I'm confused. What's the difference between this and
string.split?

(please don't top-post...I've inverted and trimmed for the sake
of readability)

I too am a bit confused but I can see uses for it, and there
could be good underlying reason to do as much. Split doesn't
return the separator. It's also guarnteed to return a 3-tuple. E.g.

>>s1 = 'one'
s2 = 'one|two'
len(s1.split('|', 1)

>>len(s2.split('|', 1))

2

which could make a difference when doing tuple-assignment:

>>v1, v2 = s2.split('|', 1)
# works fine
v1, v2 = s1.split('|', 1)

[traceback]

whereas one could consistently do something like

>>v1, _, v2 = s1.partition('|')

without fear of a traceback to deal with.

Just a few thoughts...

-tkc

Sep 19 '06 #7

Tim Chase

But you raise a good point. Notice this:

>

>>s = 'hello, world, how are you'

>>s.split(',')

['hello', ' world', ' how are you']

>>s.partition(',')

('hello', ',', ' world, how are you')

split will return all substrings. partition (and rpartition) only return
the substrings before and after the first occurrence of the argument.

The split()/rsplit() functions do take an optional argument for
the maximum number of splits to make, just FYI...

>>help("".split)

Help on built-in function split:

split(...)
S.split([sep [,maxsplit]]) -list of strings

Return a list of the words in the string S, using sep as the
delimiter string.
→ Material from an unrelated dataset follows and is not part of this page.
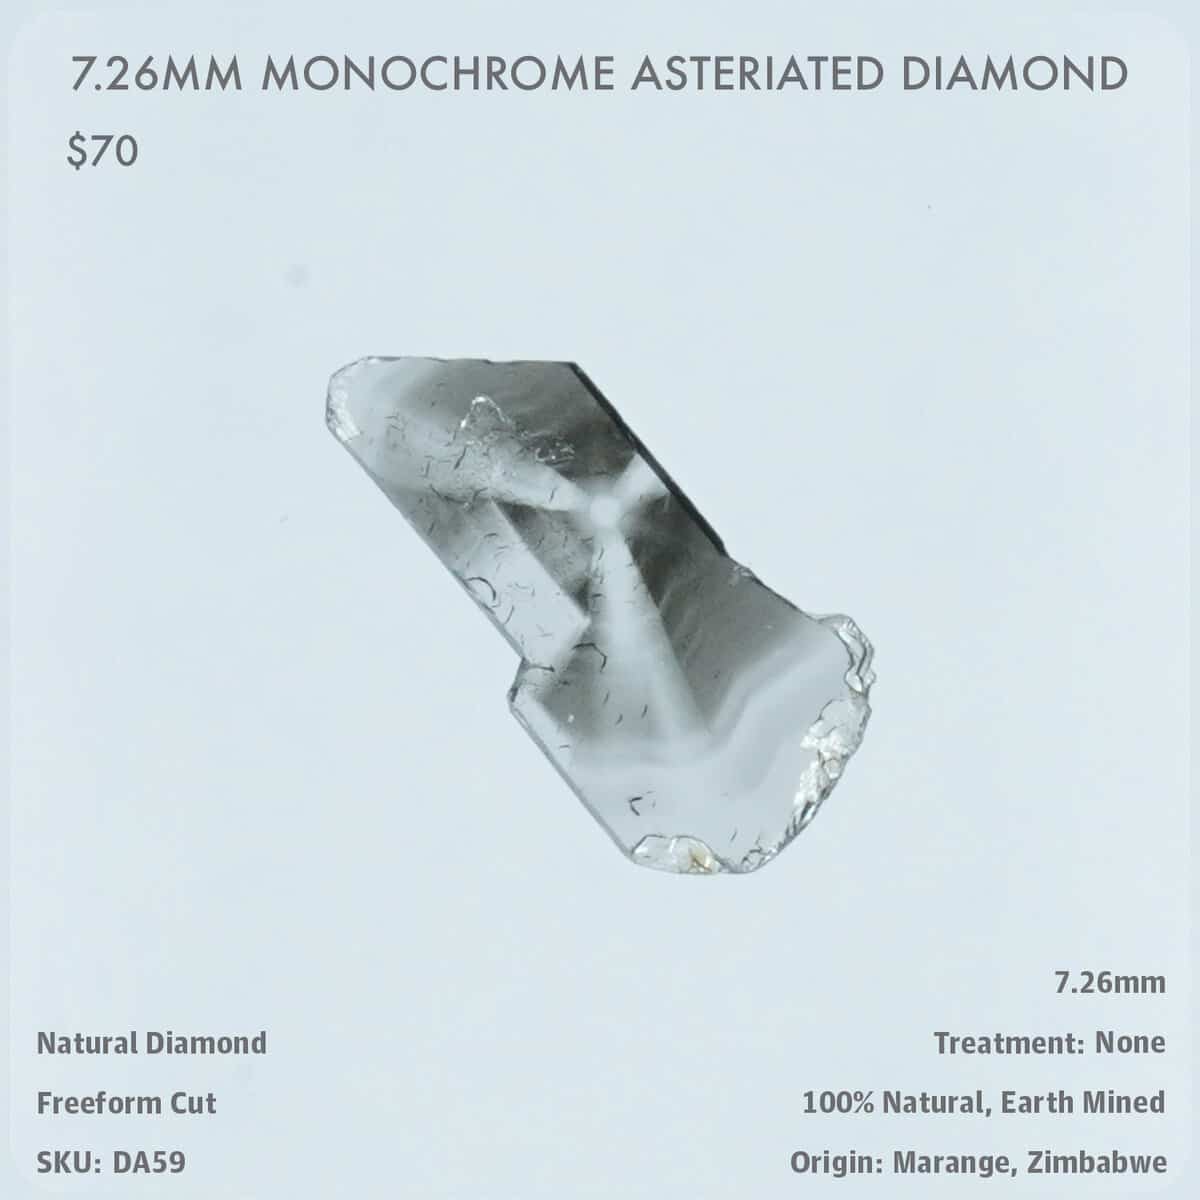 7.26mm Monochrome Asteriated Diamond

If maxsplit is given, at most maxsplit
splits are done. If sep is not specified or is None, any
whitespace string is a separator.

(as I use this on a regular basis when mashing up various text
files in a data conversion process)

-tkc

Sep 19 '06 #8

John Salerno

Bruno Desthuilliers wrote:

Err... is it me being dumb, or is it a perfect use case for str.split ?

Hmm, I suppose you could get nearly the same functionality as using
split(':', 1), but with partition you also get the separator returned as
well.

There are IMVHO much exciting new features in 2.5 (enhanced generators,
try/except/finally, ternary operator, with: statement etc...)

I definitely agree, but I figure everyone knows about those already.
There are also the startswith() and endswith() string methods that are
new and seem neat as well.

Sep 19 '06 #9

Thomas Heller

John Salerno schrieb:

Bruno Desthuilliers wrote:

>Err... is it me being dumb, or is it a perfect use case for str.split ?

Hmm, I suppose you could get nearly the same functionality as using
split(':', 1), but with partition you also get the separator returned as
well.

Well, x.split(":", 1) returns a list of one or two elements, depending on x,
while x.partition(":") always returns a three-tuple.

Thomas

Sep 19 '06 #10

George Sakkis

Bruno Desthuilliers wrote:

I must definitively be dumb, but so far I fail to see how it's better
than split and rsplit:

I fail to see it too. What's the point of returning the separator since
the caller passes it anyway* ?

George

* unless the separator can be a regex, but I don't think so.

Sep 19 '06 #11

Larry Bates

John Salerno wrote:

Bruno Desthuilliers wrote:

>Err... is it me being dumb, or is it a perfect use case for str.split ?

Hmm, I suppose you could get nearly the same functionality as using
split(':', 1), but with partition you also get the separator returned as
well.

>There are IMVHO much exciting new features in 2.5 (enhanced
generators, try/except/finally, ternary operator, with: statement etc...)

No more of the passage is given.